• PROBLEM STATEMENT: No pictures go into the copy. Write out exactly the lines below from the one containing "West Virginia State Tax Tables 2018." through the one containing "The Isle of".

• DATA RECORDS:
○ ○ ○ ○ ○ ○ ○

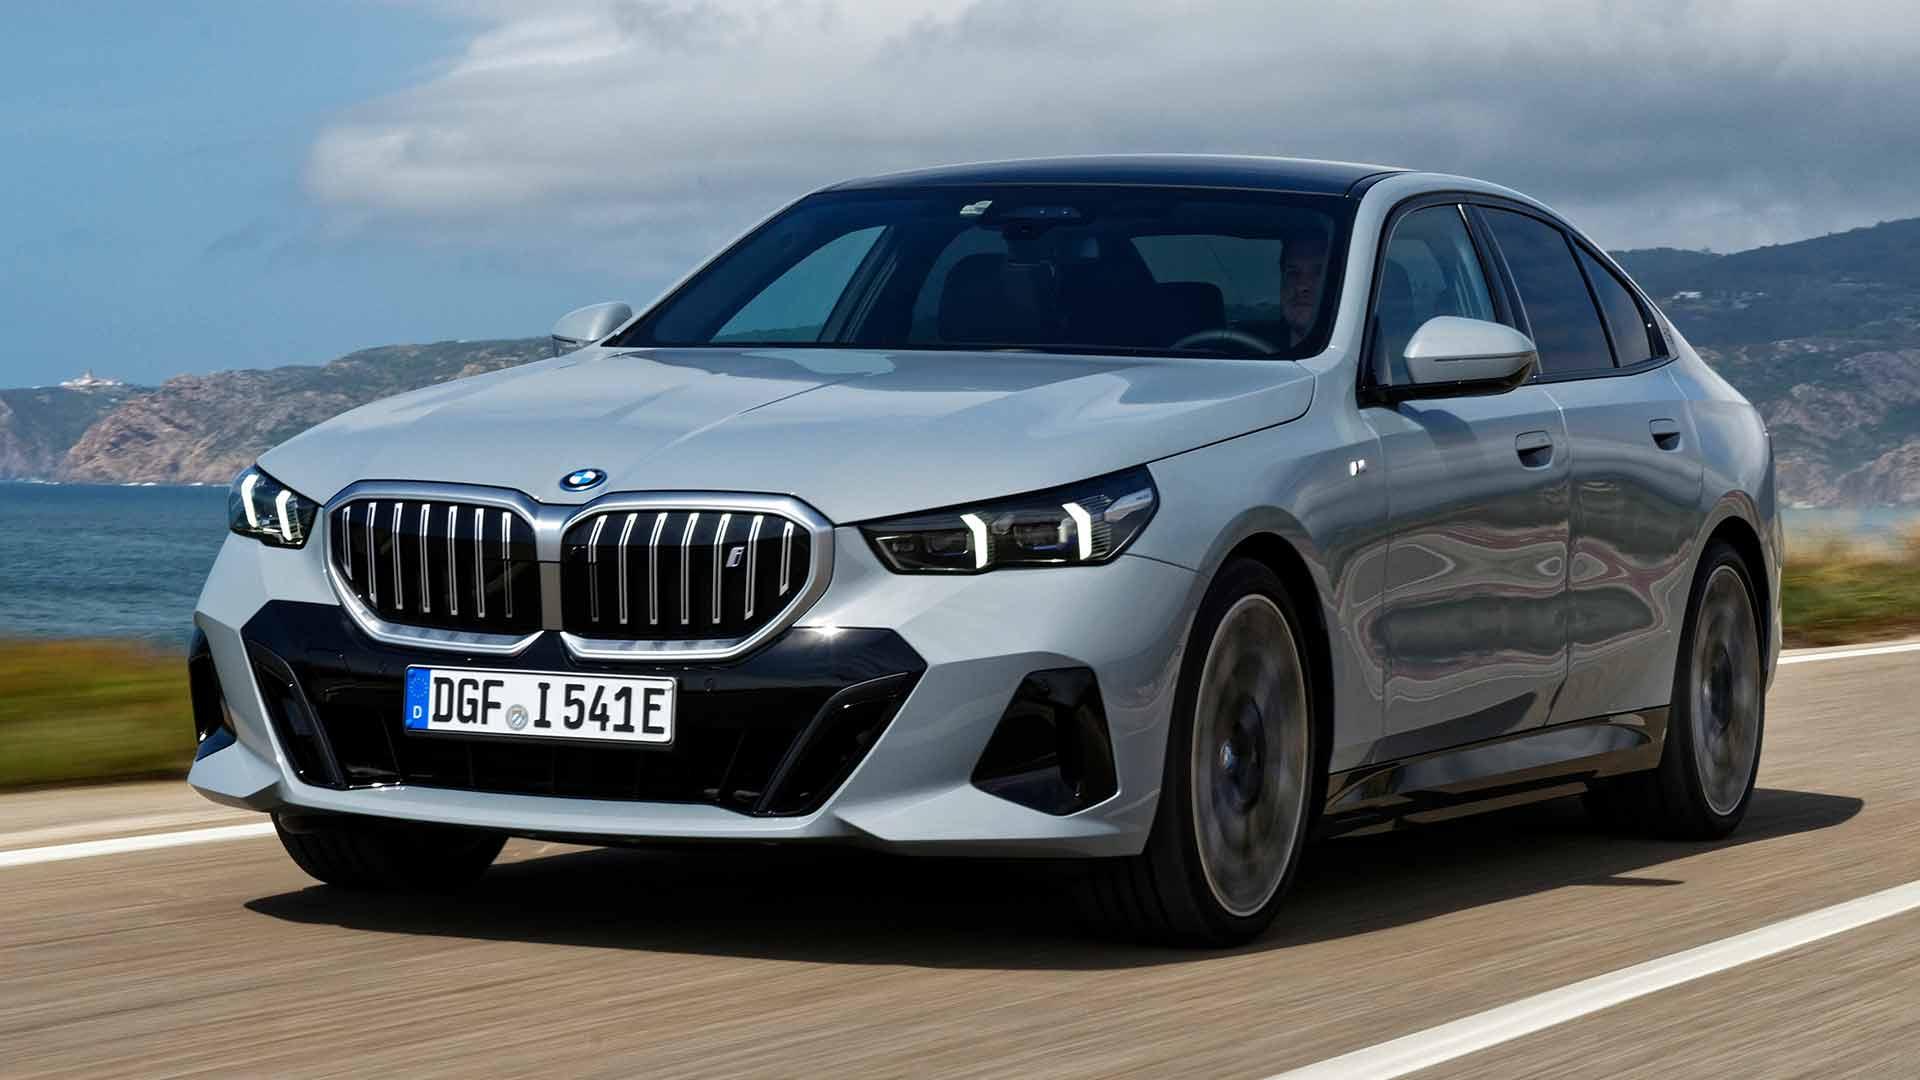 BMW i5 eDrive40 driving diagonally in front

○ ○ ○ ○ ○ ○ ○

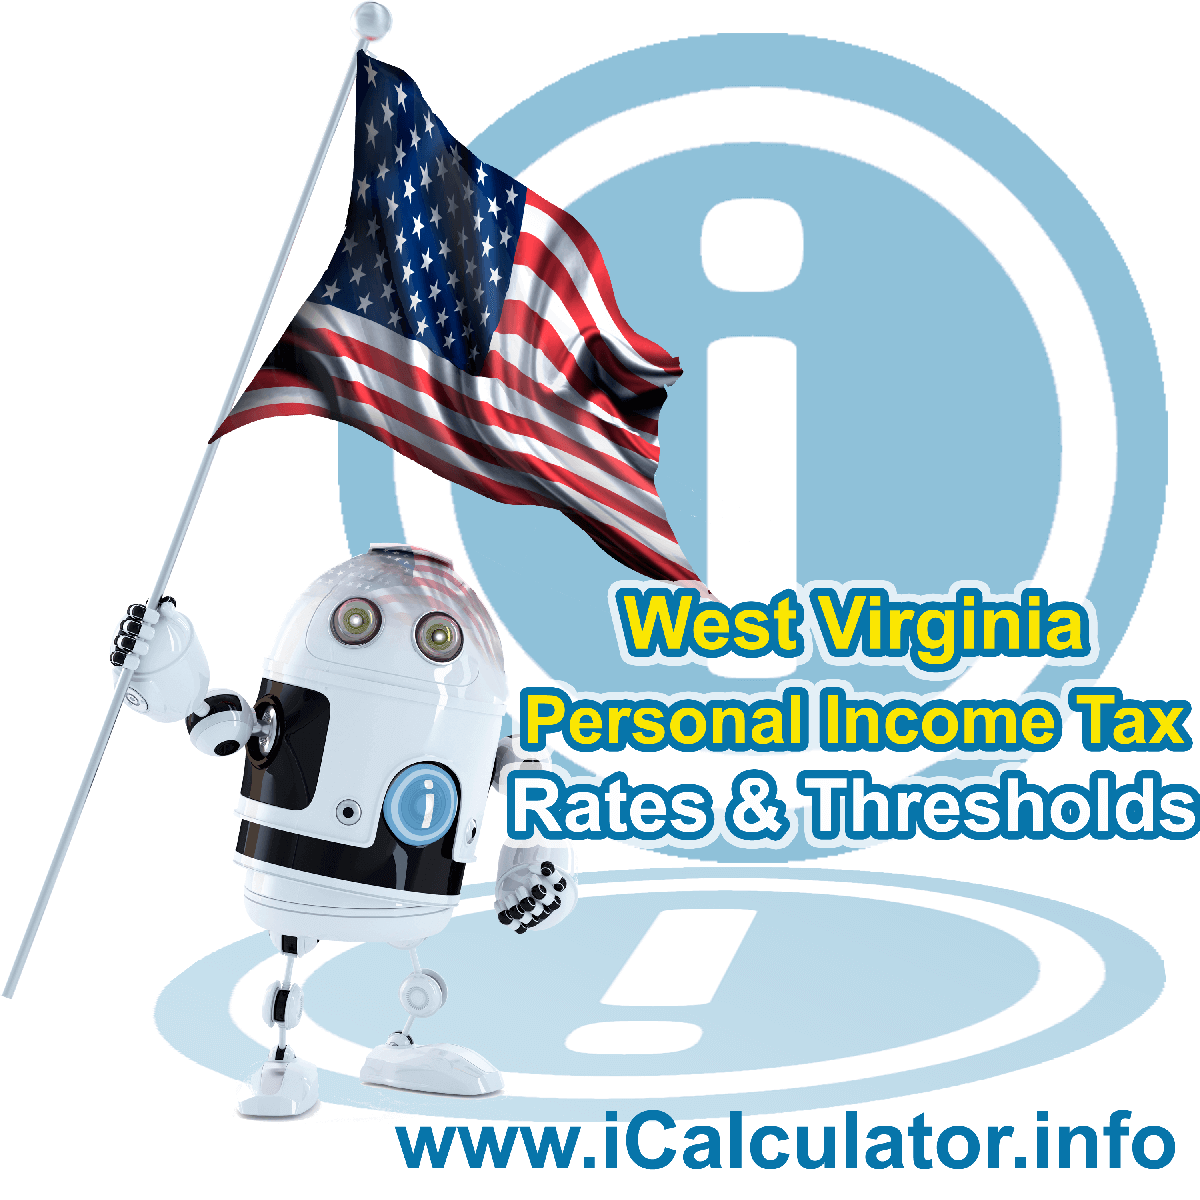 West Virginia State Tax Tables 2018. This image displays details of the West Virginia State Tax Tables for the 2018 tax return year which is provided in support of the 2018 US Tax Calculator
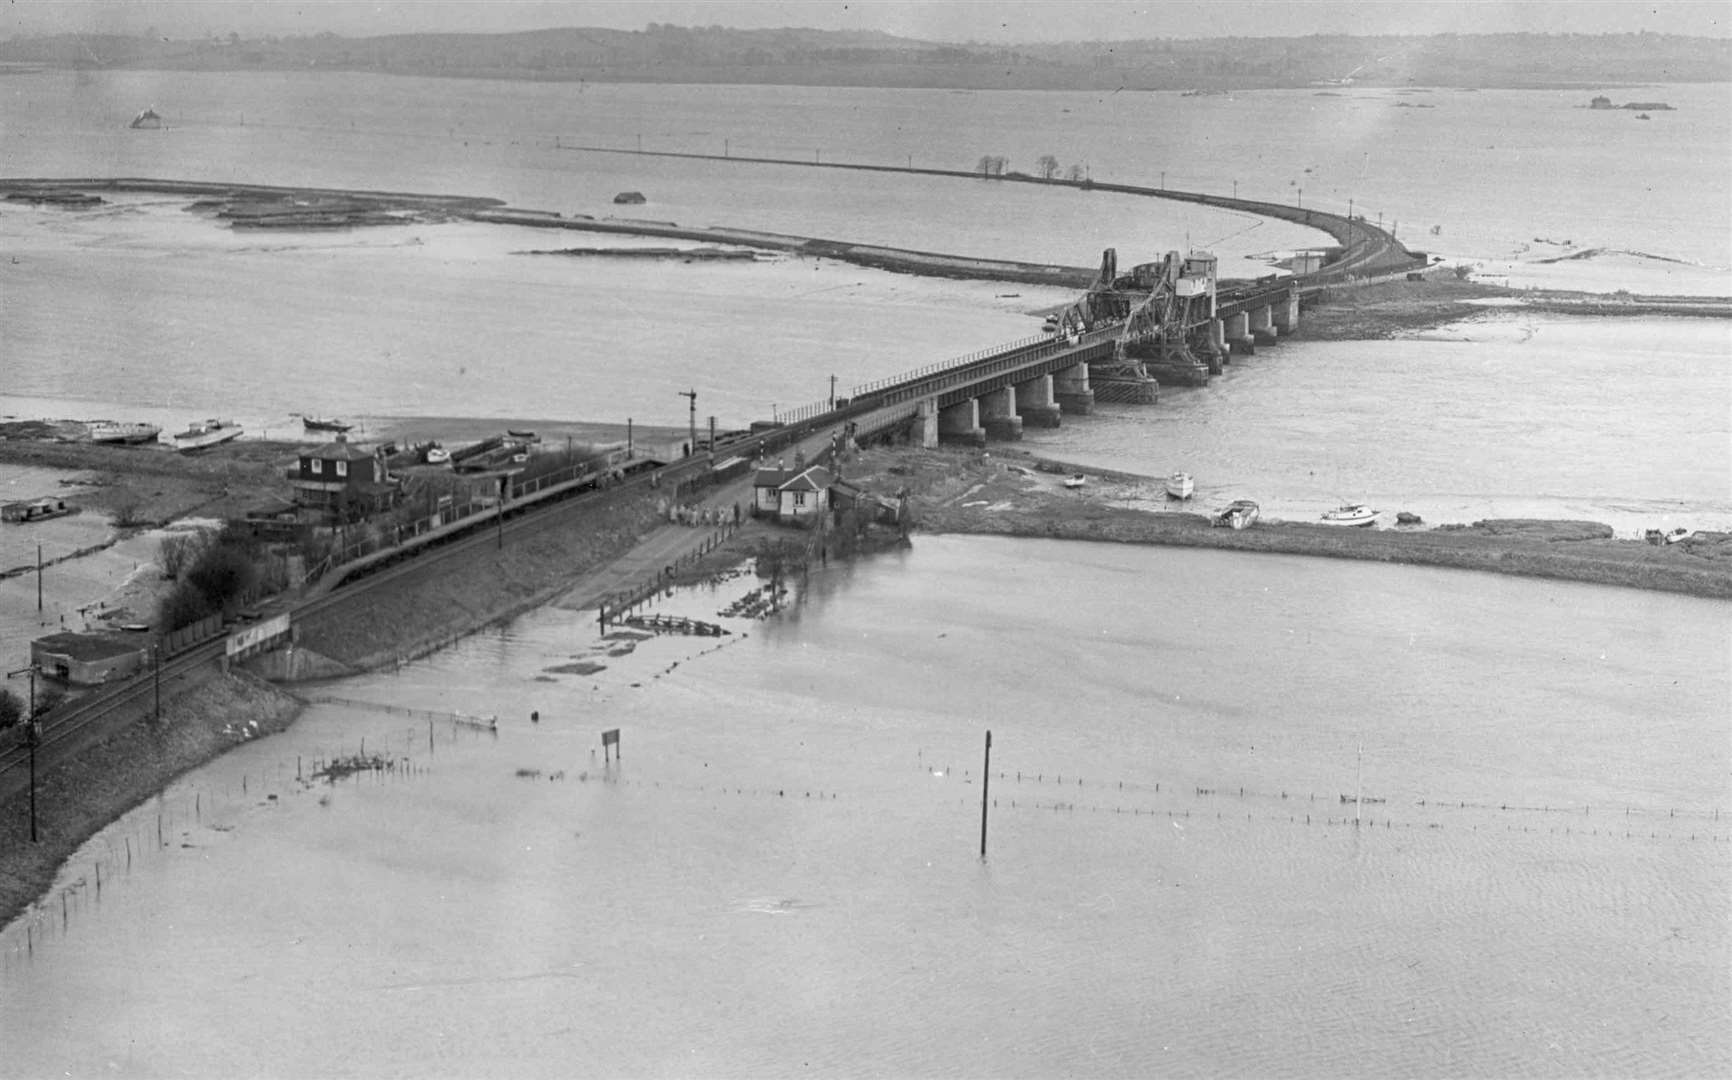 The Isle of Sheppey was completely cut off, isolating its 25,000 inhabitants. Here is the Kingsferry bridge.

○ ○ ○ ○ ○ ○ ○

• OUTPUT OF THE EXERCISE:
 West Virginia State Tax Tables 2018. This image displays details of the West Virginia State Tax Tables for the 2018 tax return year which is provided in support of the 2018 US Tax Calculator
 The Isle of Sheppey was completely cut off, isolating its 25,000 inhabitants. Here is the Kingsferry bridge.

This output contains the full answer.